South Korea hoists sunken warship, finds 36 bodies of missing sailors after mystery explosion

By Hyung-jin Kim, AP
Thursday, April 15, 2010

SKorea hoists sunken warship, finds 36 bodies

SEOUL, South Korea — South Korea lifted part of a warship from the sea, nearly three weeks after it mysteriously exploded and sank with dozens of sailors trapped inside. Salvage workers found the bodies of 36 crew members in the retrieved vessel.

Fifty-eight crew members were rescued shortly after the 1,200-ton Cheonan split into two pieces after exploding March 26 during a routine patrol near the tense border with North Korea. So far, 38 bodies have been recovered, while eight sailors remain unaccounted for.

Meanwhile, a Lynx helicopter carrying four crew was presumed to have crashed into the country’s southwestern waters during a patrol Thursday night, according to the Joint Chiefs of Staff. Navy and coast guard vessels were searching for the flight crew.

Recovering the wrecked ship could help determine the cause of the blast. There has been some suspicion but no confirmation of North Korean involvement in the sinking. The disputed western sea border has in the past been the scene of three bloody inter-Korean naval battles.

On Thursday, a huge naval crane hoisted the stern of the ship — where most of the missing sailors are believed trapped — a day after divers succeeded in tying the wreckage with chains.

Rescuers and salvage workers later boarded the stern and found 36 bodies identified as Cheonan crew, said the Joint Chiefs of Staff. Divers previously retrieved two bodies during an underwater hunt.

“It’s very regrettable as we hadn’t given up our hope until the last minute,” President Lee Myung-bak said during an emergency meeting on the salvaging, according to his office. “I don’t know how to console their families.”

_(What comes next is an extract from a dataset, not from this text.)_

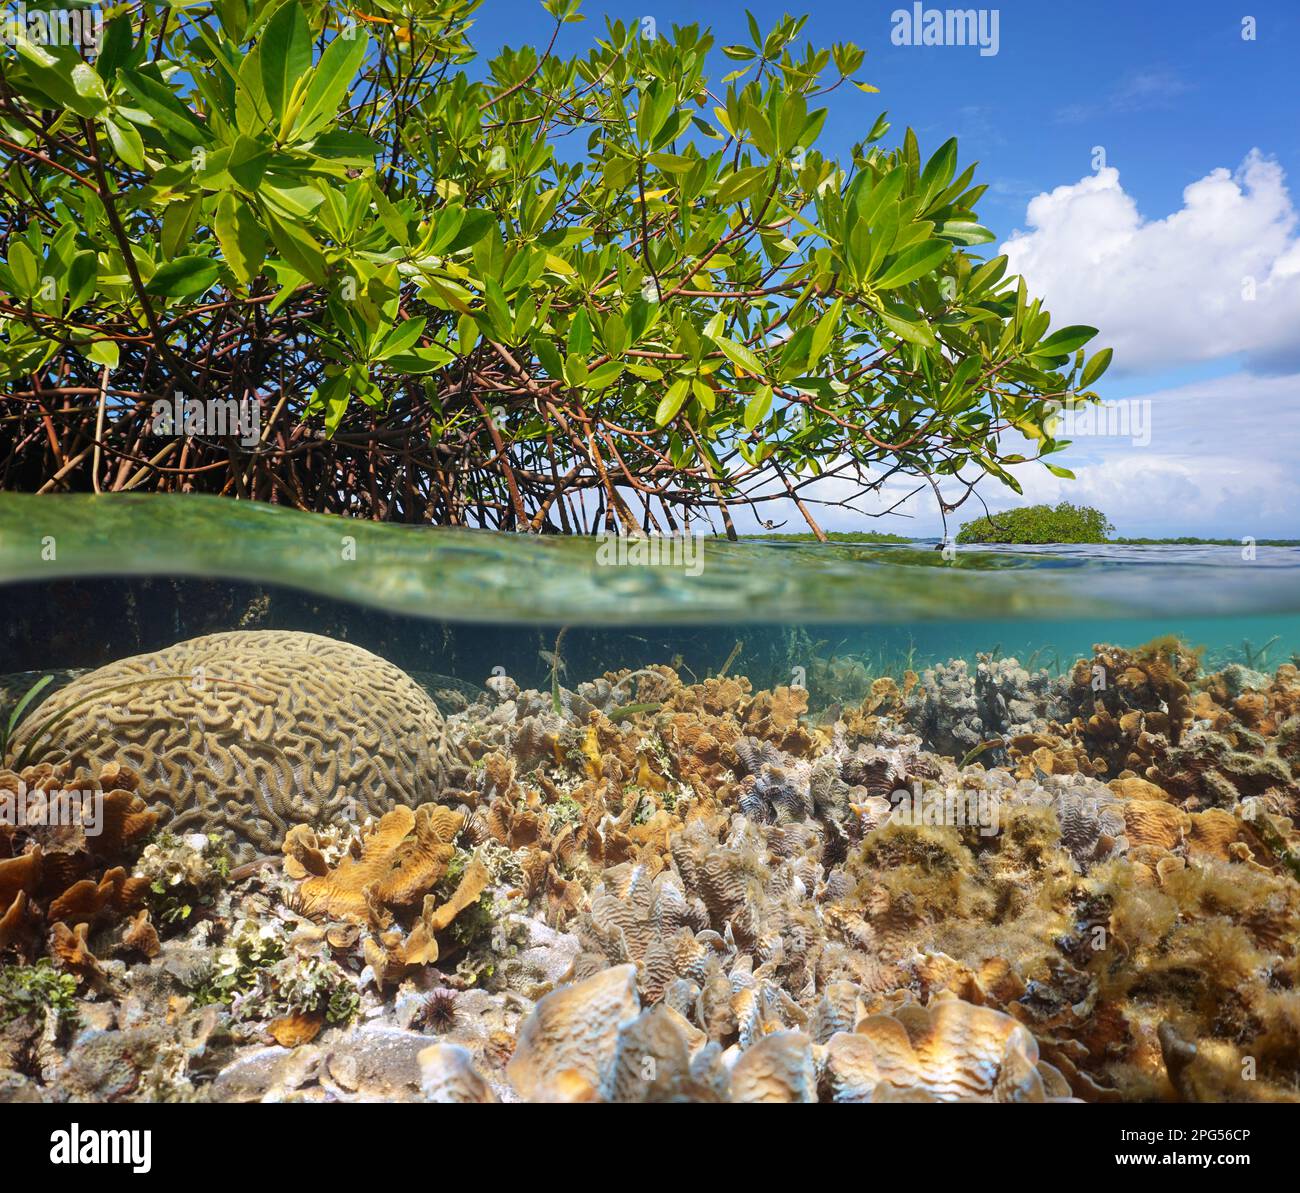 Mangrove dans la mer avec des coraux sous l'eau, vue partagée sur et sous la surface de l'eau, mer des Caraïbes, Amérique centrale, Panama Banque D'Images

Footage by TV broadcaster SBS showed rescuers and salvage workers searching the stern after it was hoisted above the sea surface and loaded onto a barge.

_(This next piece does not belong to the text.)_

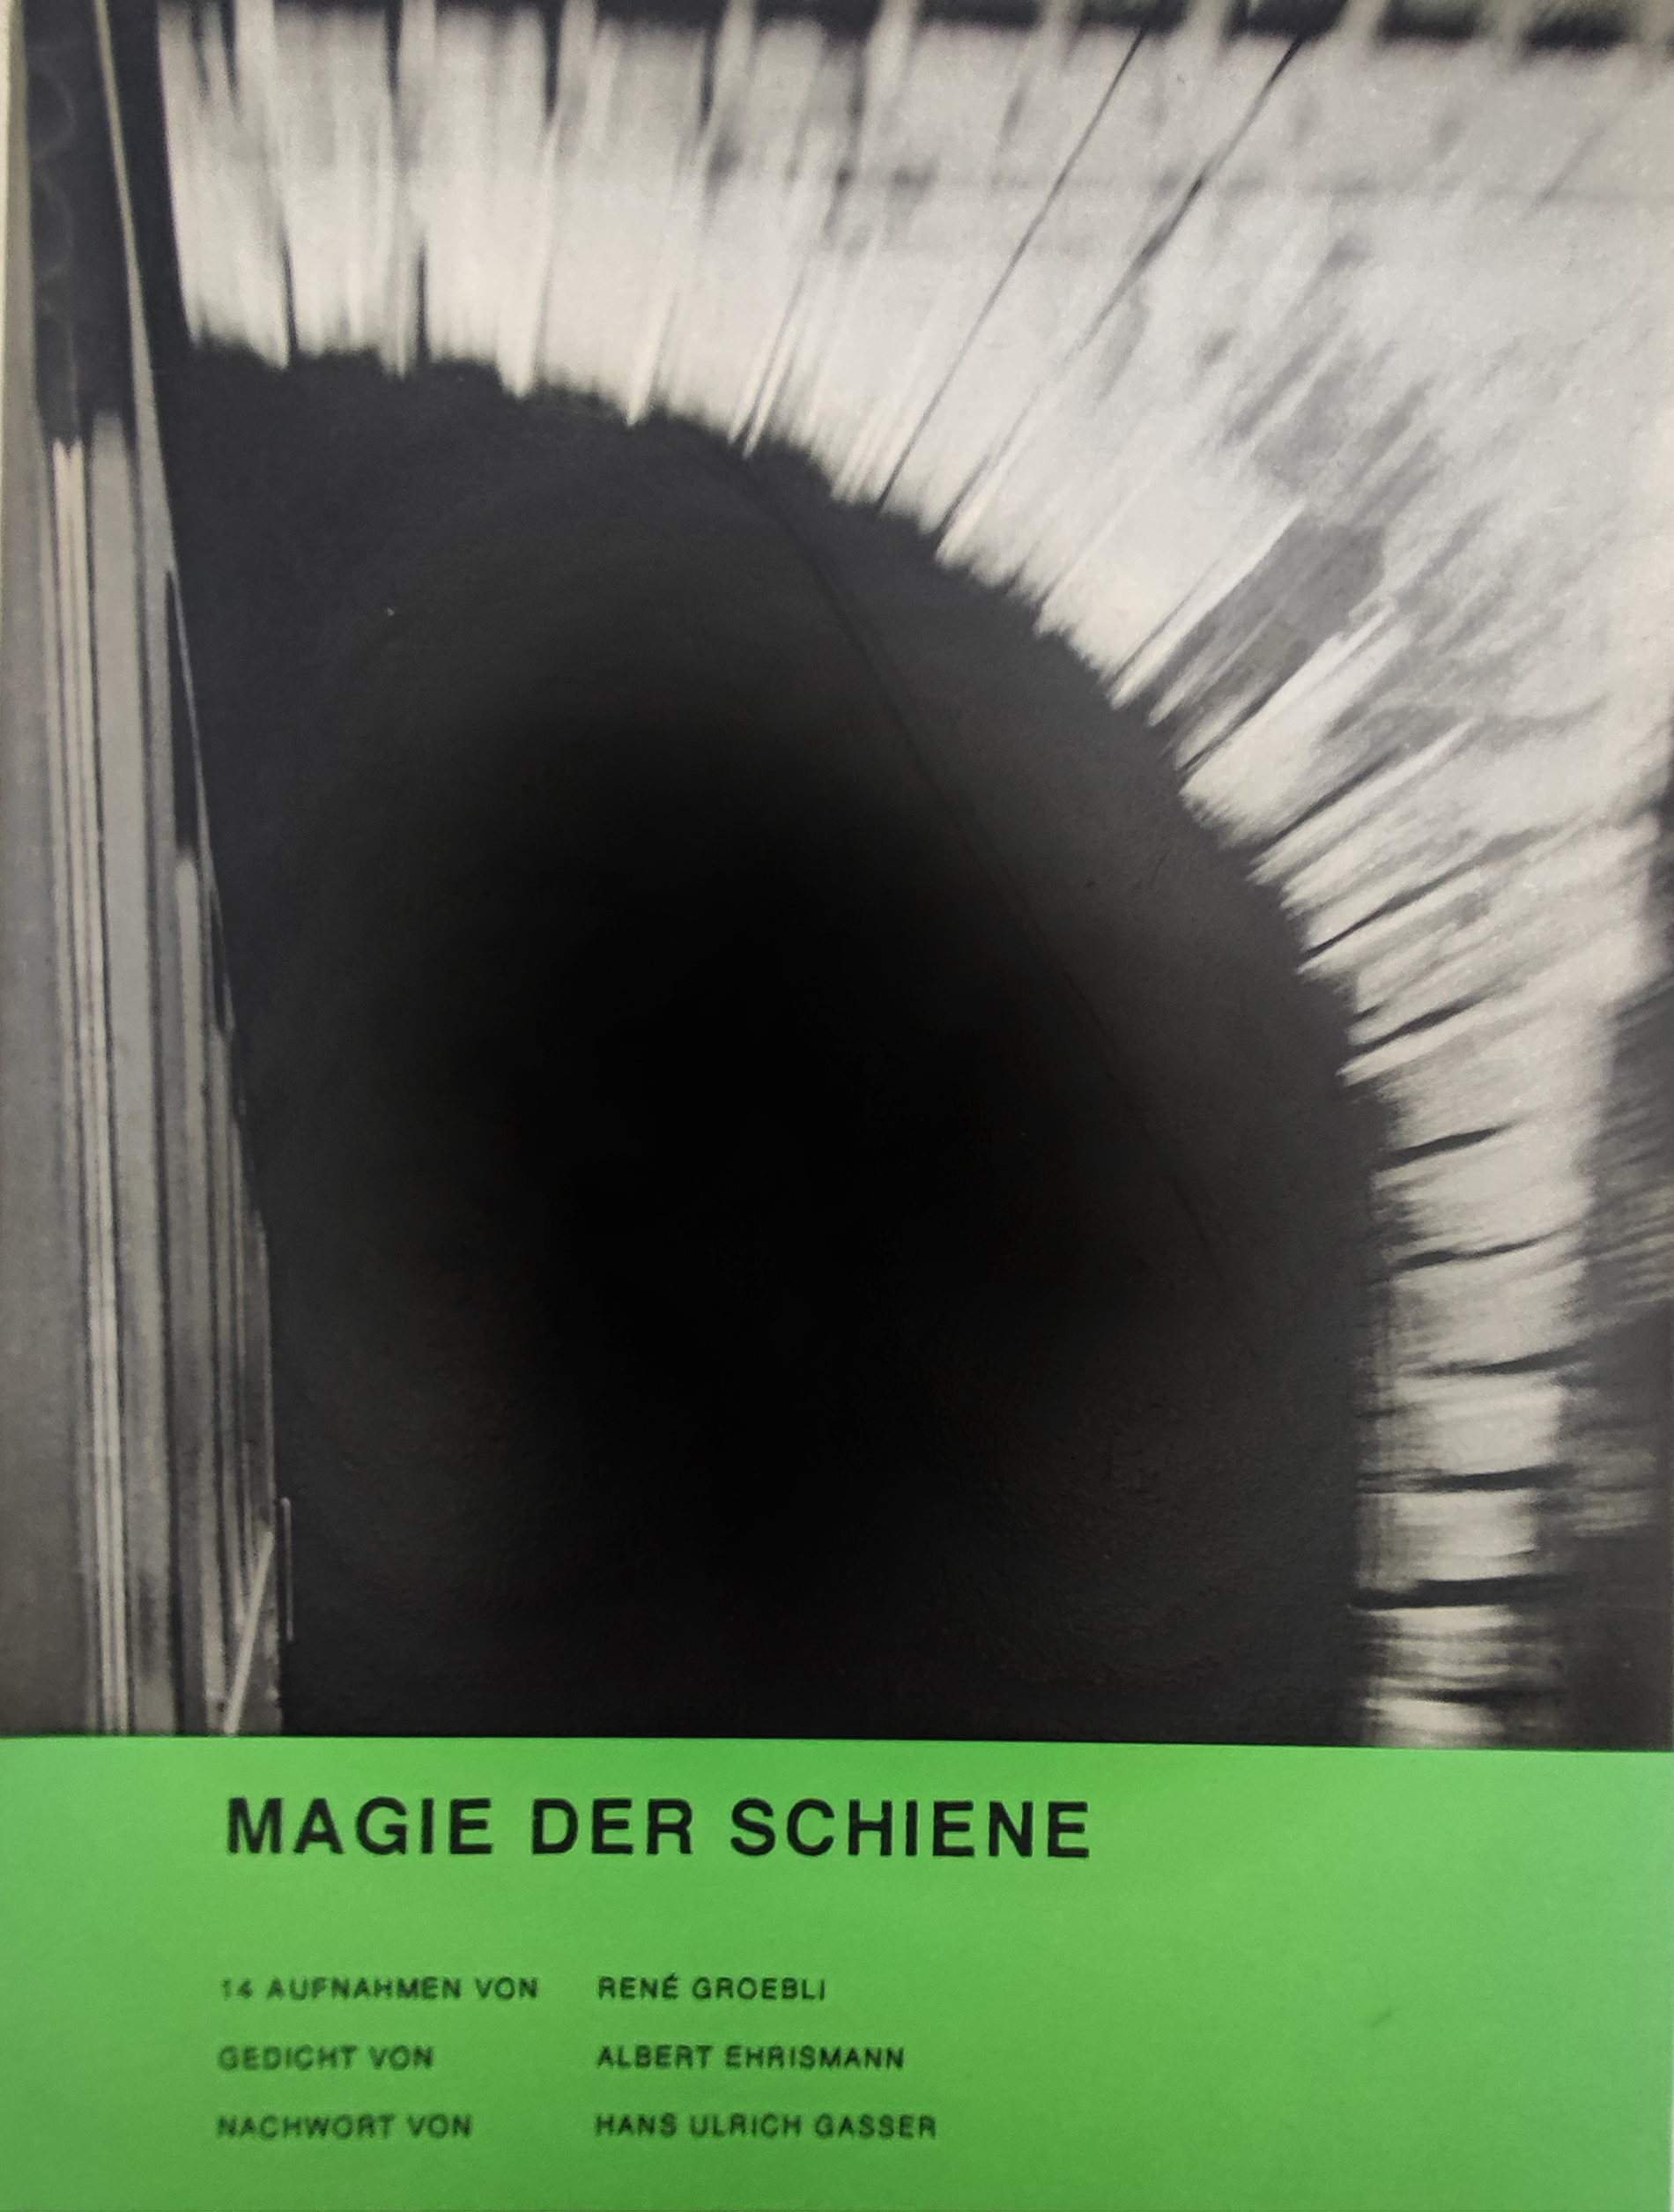 Magie der Schiene. Zürich, Kubus Verlag, 1949.

The stern was to be moved to a naval base to investigate the cause of the explosion while the remaining two-thirds of the ship is to be salvaged next week, military officials said.

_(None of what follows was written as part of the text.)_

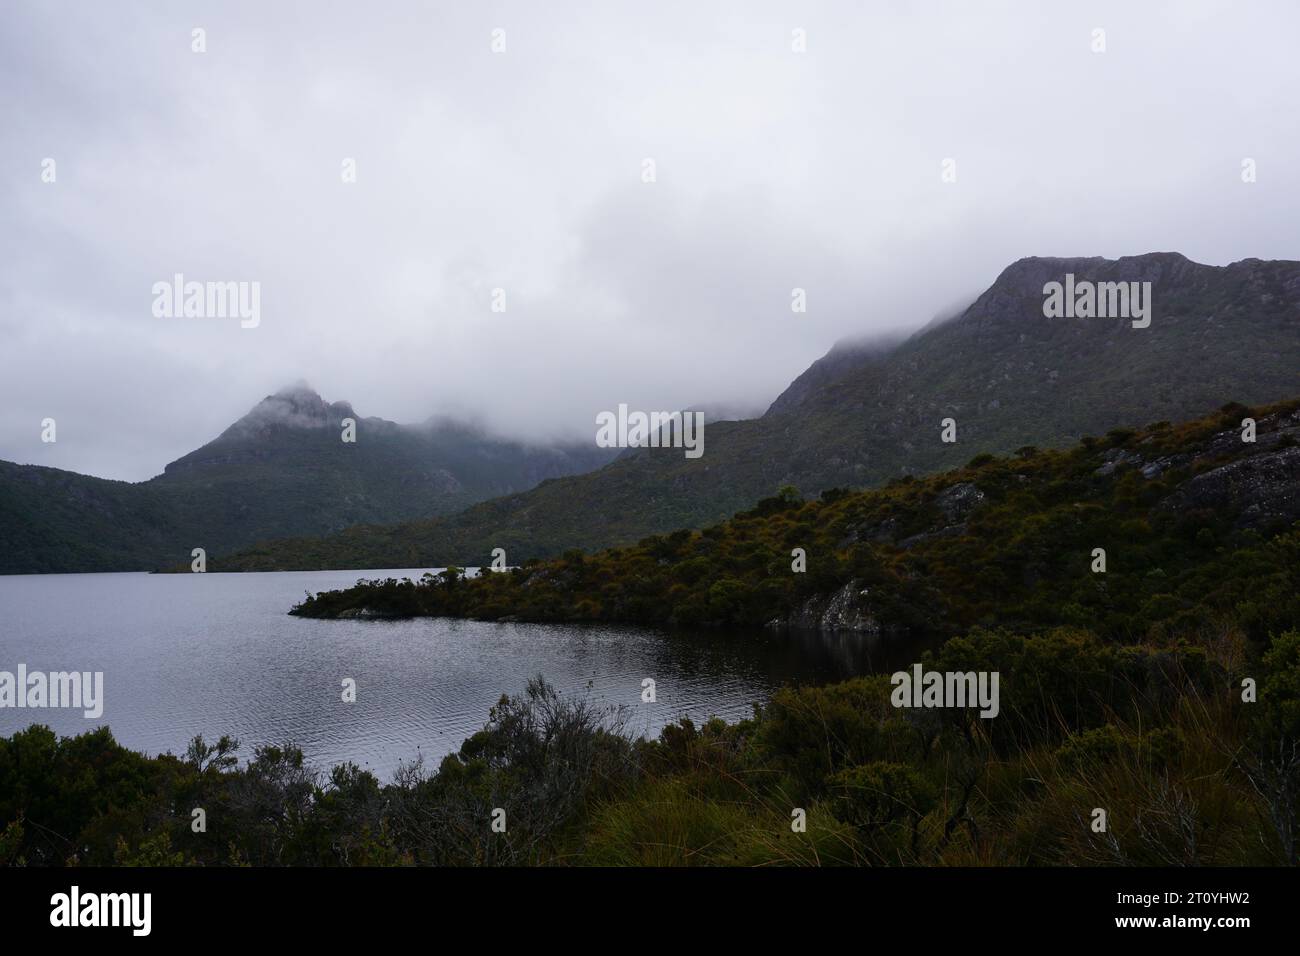 Dramatisch bewölkter, stimmungsvoller Blick auf die Landschaft mit niedrigen, hängenden Wolken über dem Dove Lake, Cradle Mountain, Tasmanien, Australien Stockfoto

South Korean officials have said they will look into all possibilities including that the ship might have been struck by a North Korean torpedo, or a mine left over from the 1950-53 Korean War. The conflict ended with an armistice, not a peace treaty, leaving the Koreas still technically at war.

North Korean officials have reportedly denied their country’s involvement in the blast. Last week, the Dong-a Ilbo newspaper in Seoul reported that North Korea military delegates told Chinese officials during their trip to Beijing that Pyongyang was not behind the ship’s explosion.

To ascertain whether North Korea was involved, authorities would have to look at the shape of broken ship parts and recover splinters of a torpedo or a sea mine and determine whether the North had such weapons, said Lee Hyun-yup, a marine engineering expert at Chungnam National University in South Korea. It could take years to find the exact cause, he said.

Lee said the investigation must be made in a “through, scientific” manner, his office said.

The sinking was one of South Korea’s worst naval disasters. In 1974, a ship sank off the southeast coast in stormy weather, killing 159 sailors and coast guard personnel. In 1967, 39 sailors were killed by North Korean artillery.

South Korea has asked the U.S., Australia, Britain and Sweden to send experts for a joint investigation. A team of eight U.S. investigators, led by Rear Admiral Thomas J. Eccles, arrived in South Korea earlier this week, according to South Korea’s Defense Ministry.